In the case of an alternative investment offering, Straight Through Processing enables issuers and advisors to collect investor information, verify their identity, deliver signature-ready subscription documents, and transfer funds. Even back-office compliance, typically a highly manual process, can be partially automated. A good automation solution will include an information collection workflow, electronic signature technology with bank-grade security, secure cloud storage with file-sharing capabilities, and API and integration features to connect with your existing tools and services.
Creating subscription documents involves handling a lot of sensitive information, from social security numbers, to bank account and routing numbers, and more. Using mail, fax, and even standard email to send these documents back and forth subjects all parties involved to risks of information loss or exposure. The loss, destruction, or disclosure of such sensitive information, even if by accident, can lead to serious consequences, including regulatory penalties, fines, and litigation from investors.
Straight Through Processing solutions transfer information between parties via secure workflows and encrypted document sharing. Including cloud storage can also reduce or eliminate the need for expensive and potentially vulnerable physical storage solutions.
Information Collection Workflow – Rather than investors visually scanning documents for the applicable blanks to fill out, opt for a user-friendly workflow that collects information and automatically populates subscription documents with the necessary data.
Electronic Signatures – Once investor information is mapped to the subscription documents, electronic signature technology allows the document to be automatically sent to the investor’s inbox where it can be reviewed and signed without ever needing to be printed.
Secure Cloud Storage – Standard email is not secure enough for the exchange of financial information. Cloud-based file sharing software allows users to securely and compliantly store and share sensitive documents. Advisors and potential investors can be invited to access files through a secure folder with restricted access.
API and Integration – Technology solutions must be able to integrate with your existing tools, external services, and vendors. Look for an open architecture platform that can connect with fund administrators, transfer agents, custodians, or other service providers.

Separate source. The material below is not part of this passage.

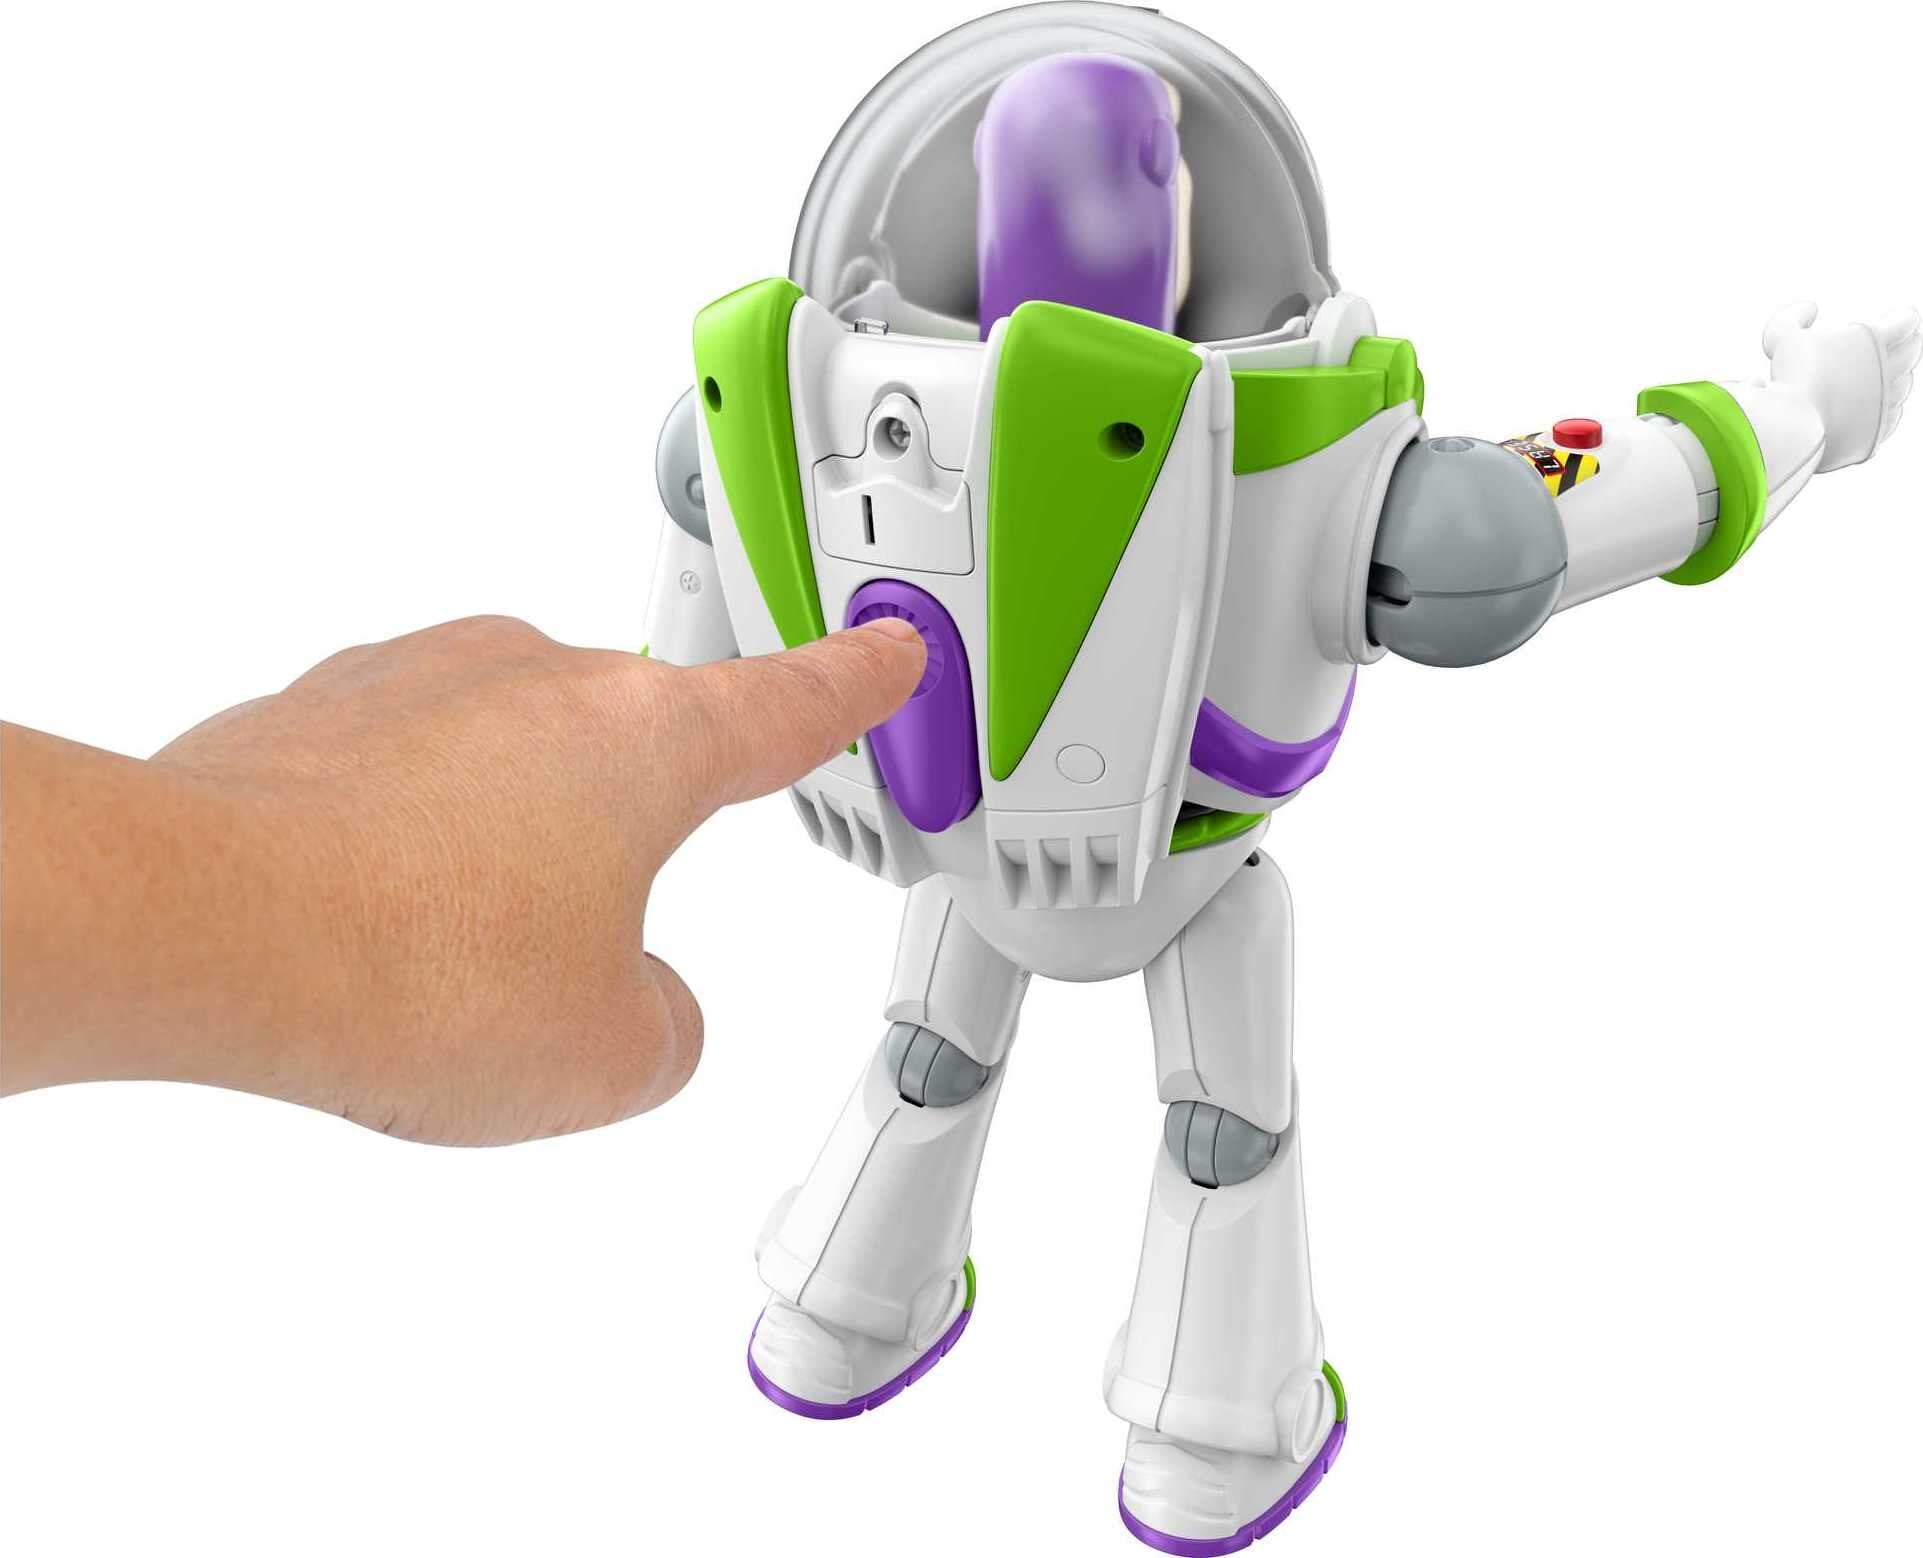 Disney Pixar Toy Story Action Chop Buzz Lightyear 12 In Scale Figure

Some securities industry participants and their advisors are hesitant about the legality of electronically-facilitated transactions. However, The North American Securities Administrators Association (NASAA) has set forth a statement of policy specifically addressing its suggested requirements to administer securities sales online. The NASAA policy incorporates and supplements federal and uniform acts regarding electronic signatures. While the NASAA policy is not itself binding, states are adopting these standards into their respective securities regulations. Regulators are accepting that automation is coming and that electronic transactions are allowed if the technology and processes meet basic legal requirements.
The leading electronic signature provider, DocuSign, has bank-grade security features, is certified to work with financial services, and is trusted by some of the largest institutions in the industry. Most subscription automation solutions will have DocuSign or a similar service integrated into their technology offering.